Material provided:

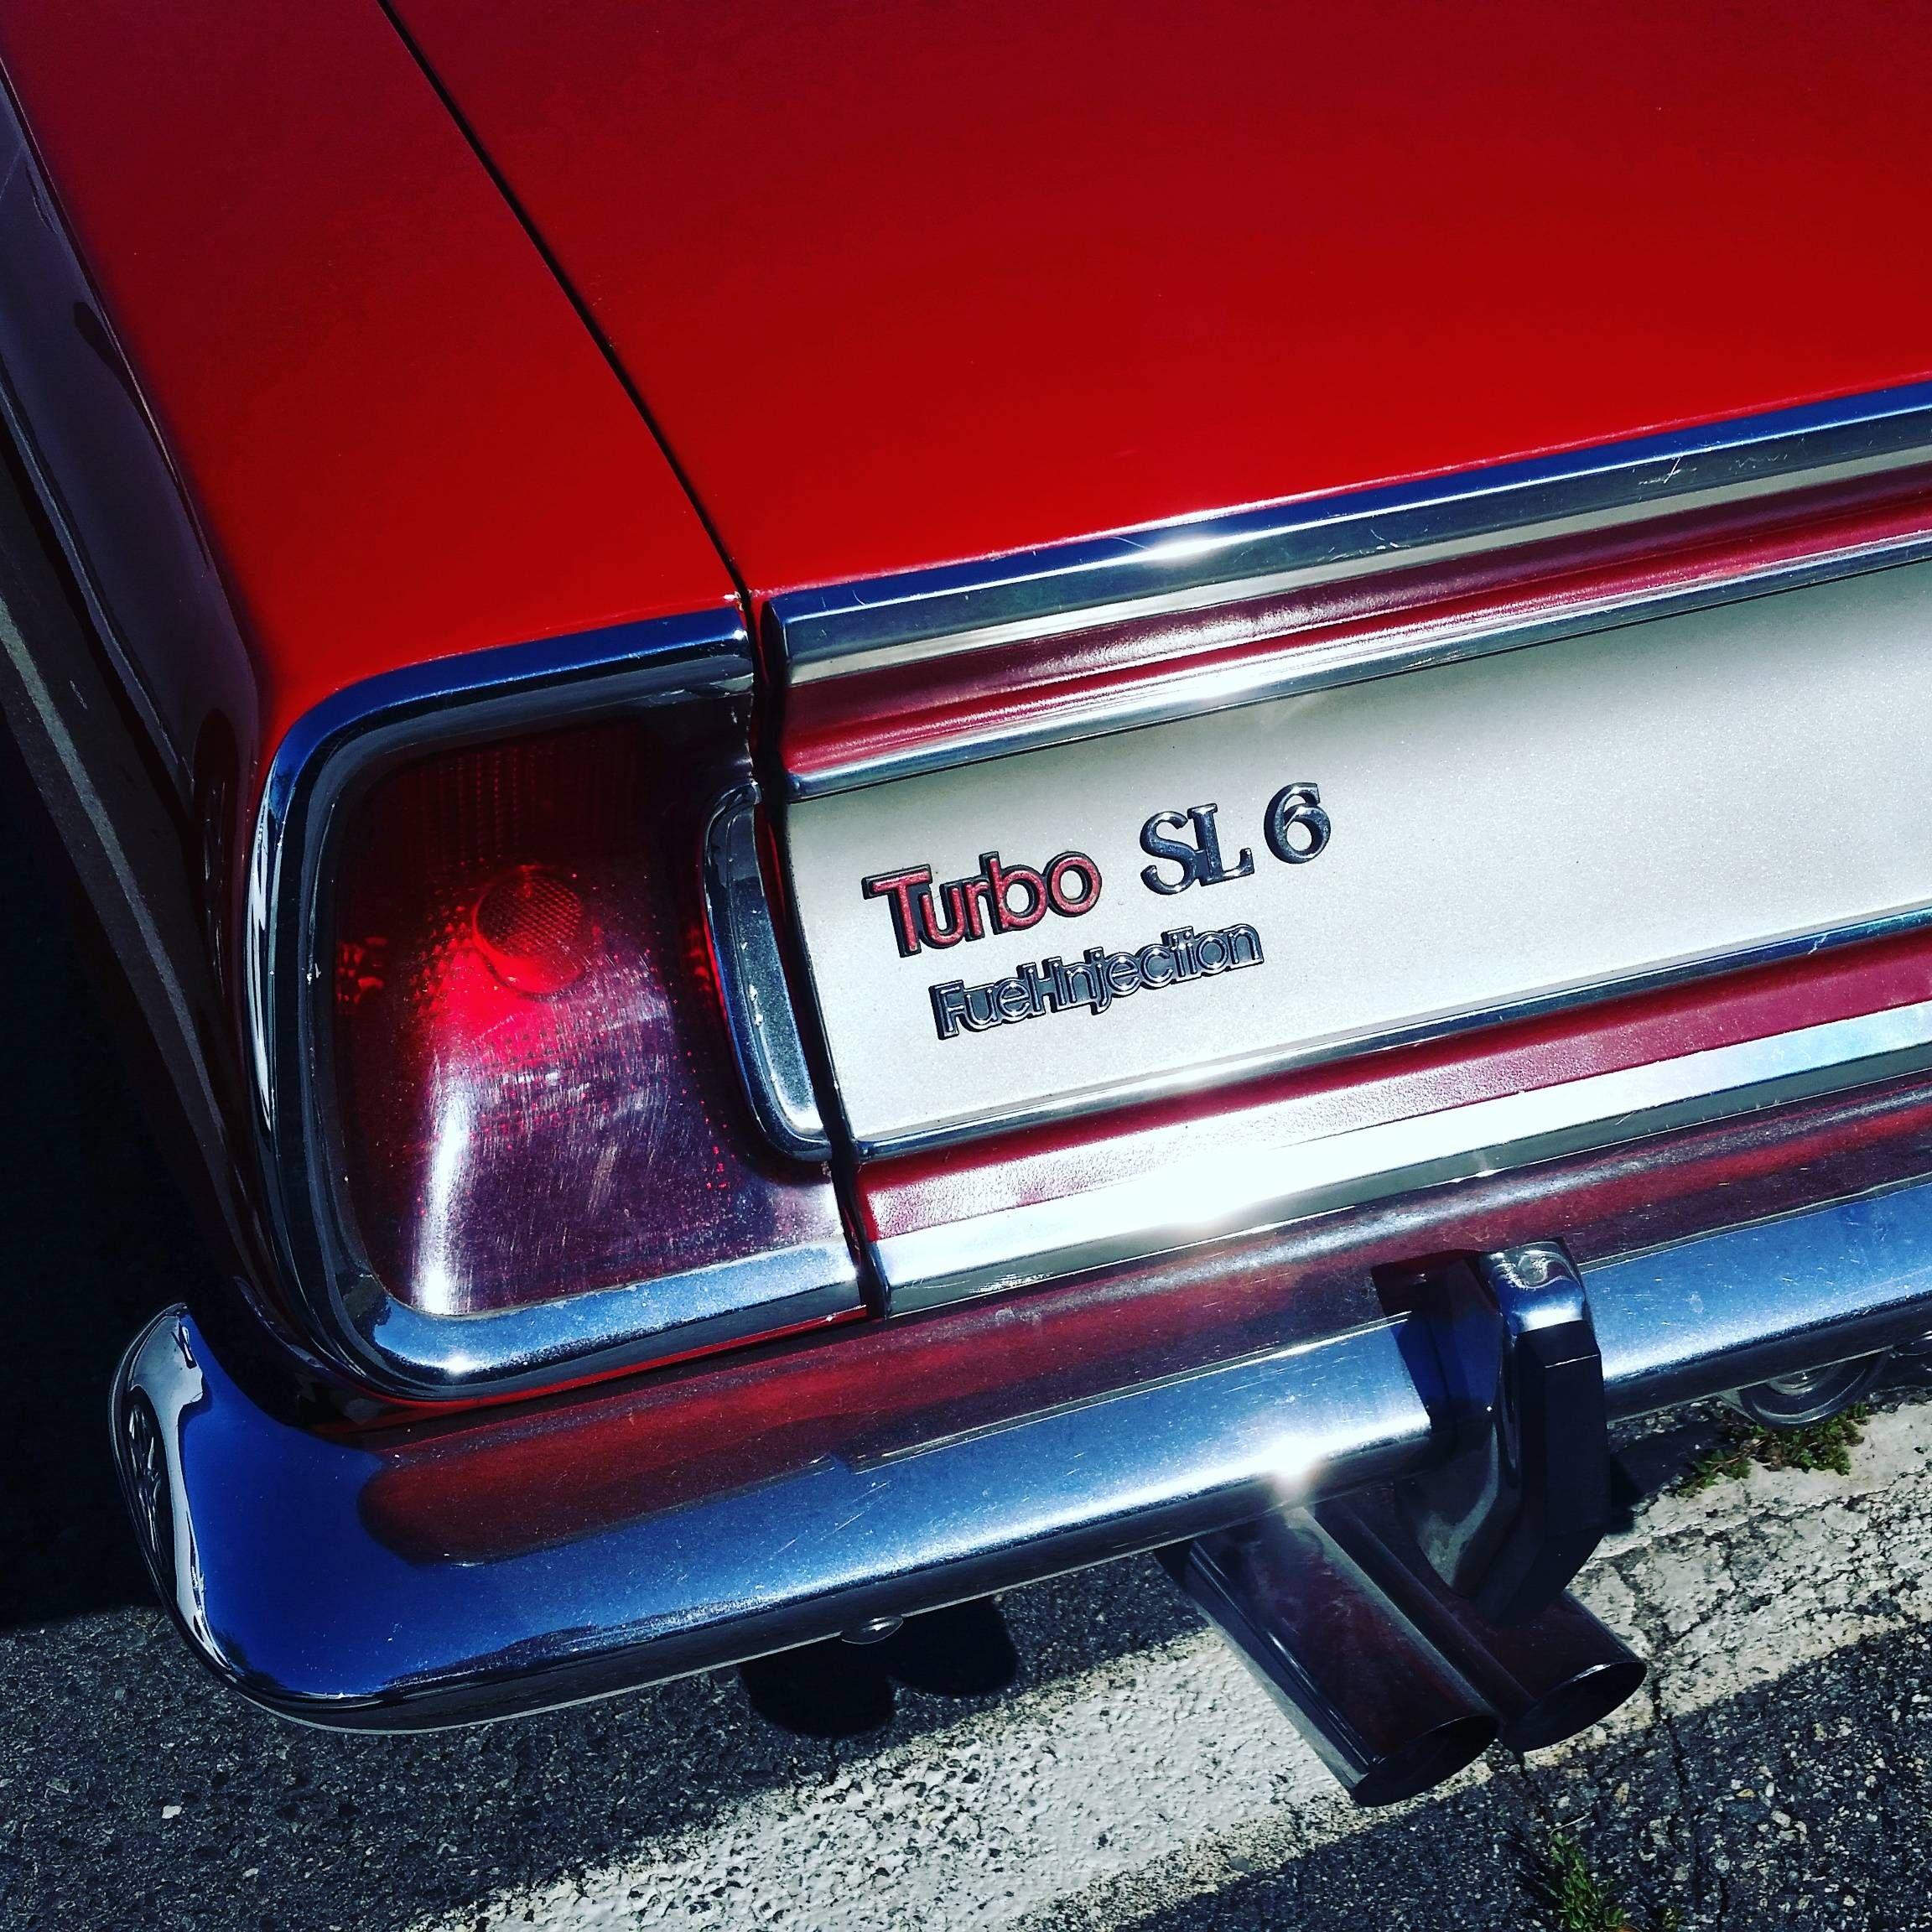 Turbo Slant Six Plymouth Barracuda
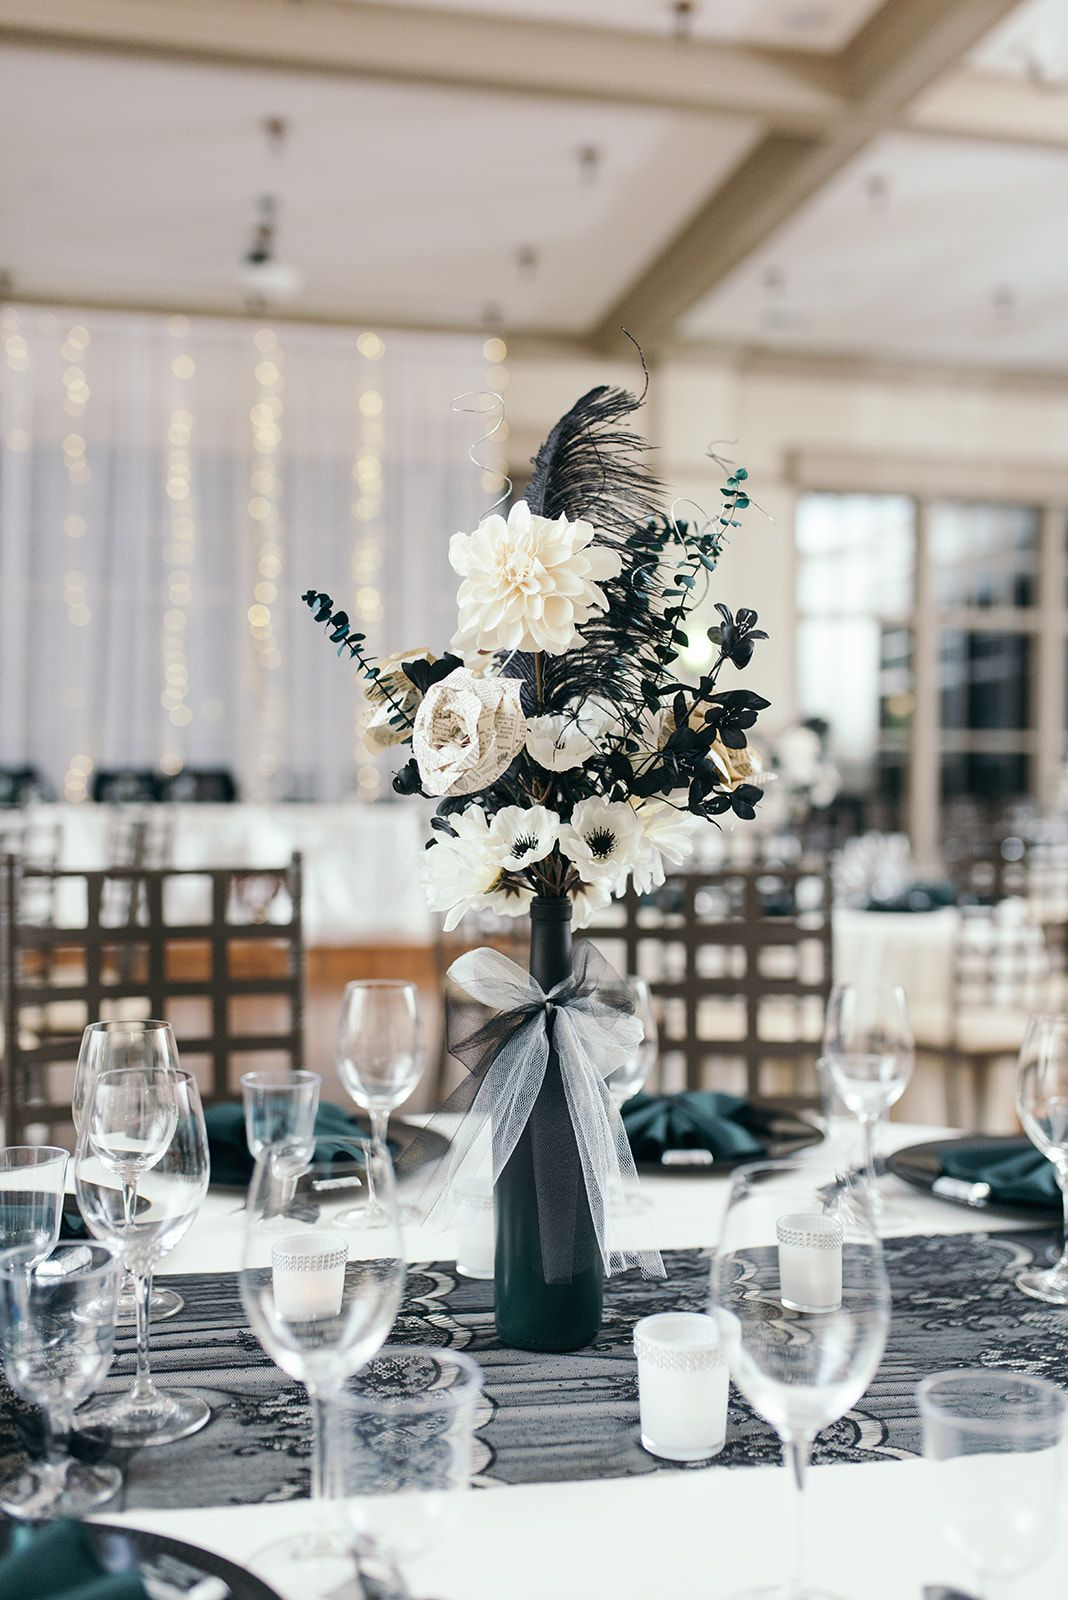 An Eclectic, Vintage Wedding at NOAH'S Event Venue in Des
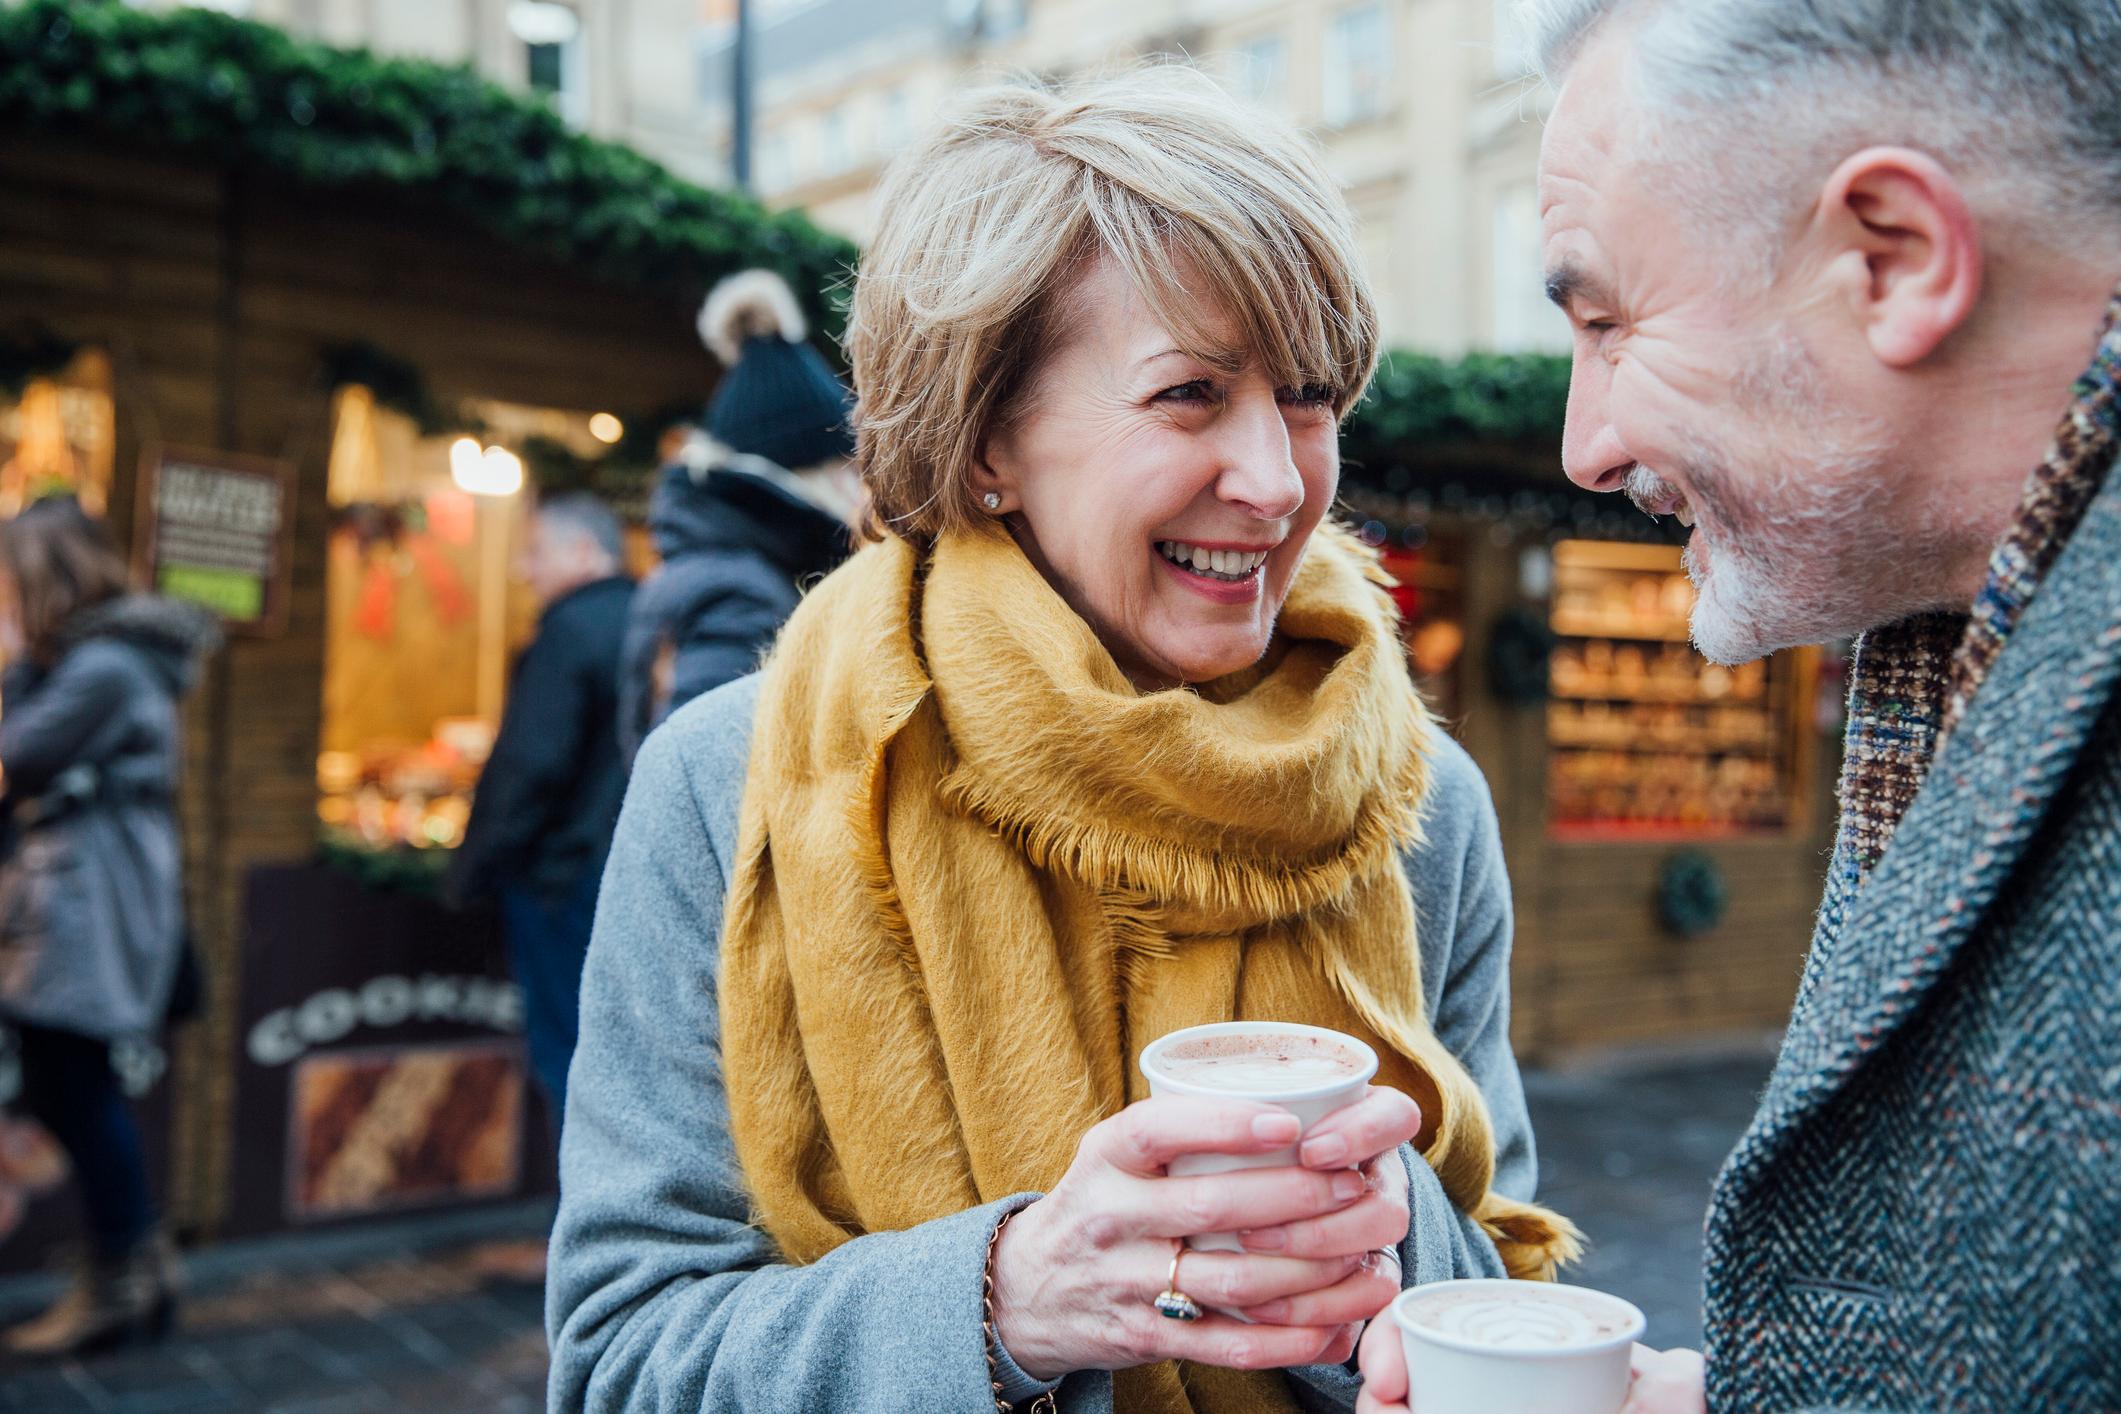 50 over dating dating online usa gratis

What you will do:
Make an exact copy of the listing above, omitting the pictures.

Output for this exercise:
 Turbo Slant Six Plymouth Barracuda
 An Eclectic, Vintage Wedding at NOAH'S Event Venue in Des
 50 over dating dating online usa gratis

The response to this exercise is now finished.